Just my nickel's worth.
Debbie
mypuppy
07-01-2010, 10:35 PM
Debbie,
Your nickel's worth is worth a heck of a lot more, thanks. I was actually on the phone with Izzy's mom when you posted, and I read her your comments. Instead of starting Izzy on Vetoryl, she is going to try to speak to Dr. Oliver about all her options and then decide which way to go. Thanks as always for your concern. Xo Jeanette
Harley PoMMom
07-02-2010, 12:14 AM
One note with the Lysodren, it does not always suppress the estradiol. Ketoconazole, according to the UTK Option Sheet, can.
LysodrenTM, traditional treatment for Cushing’s disease. Very effective in lowering cortisol, progesterone, androstenedione and 17-hydroxyprogesterone levels. NOTE: Estradiol is not always suppressed by LysodrenTM. A baseline estradiol level 1 month post-Lysodren will determine efficacy.
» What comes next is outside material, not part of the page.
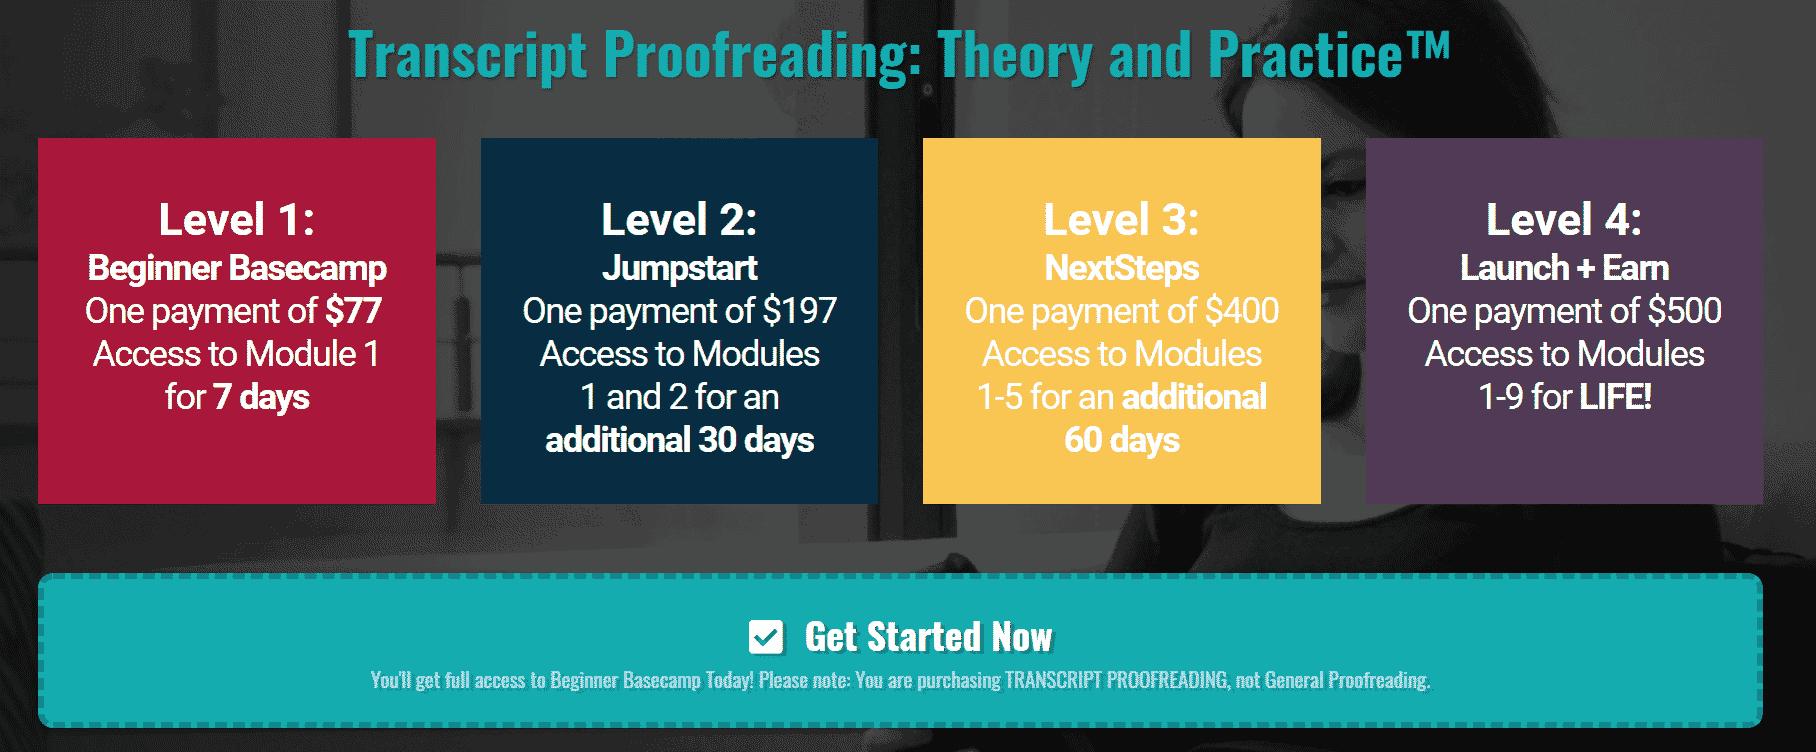 Transcript Proofreading Modules & Levels

Ketoconazole. Cushing’s disease treatment. Effective for increased cortisol and sex steroid levels. Consider 6 to 12 mg/kg, BID along with melatonin and lignan as above....
http://www.vet.utk.edu/diagnostic/endocrinology/pdf/TreatmentInfoAtypicalCushings201005.pdf
Ketoconazole; Combination of Melatonin, Lignan, and low-dose ketoconazole
In cases of Atypical Cushing’s disease, with increased intermediate adrenal steroid levels, and elevated estradiol levels, consider using ketoconazole at a conservative dose (see article by Lien and Huang, "Use of ketoconazole to treat dogs with pituitary - dependent hyperadrenocorticism: 48 cases (1994-2007)", JAVMA, 233:1896-1901, 2008) plus melatonin and lignan.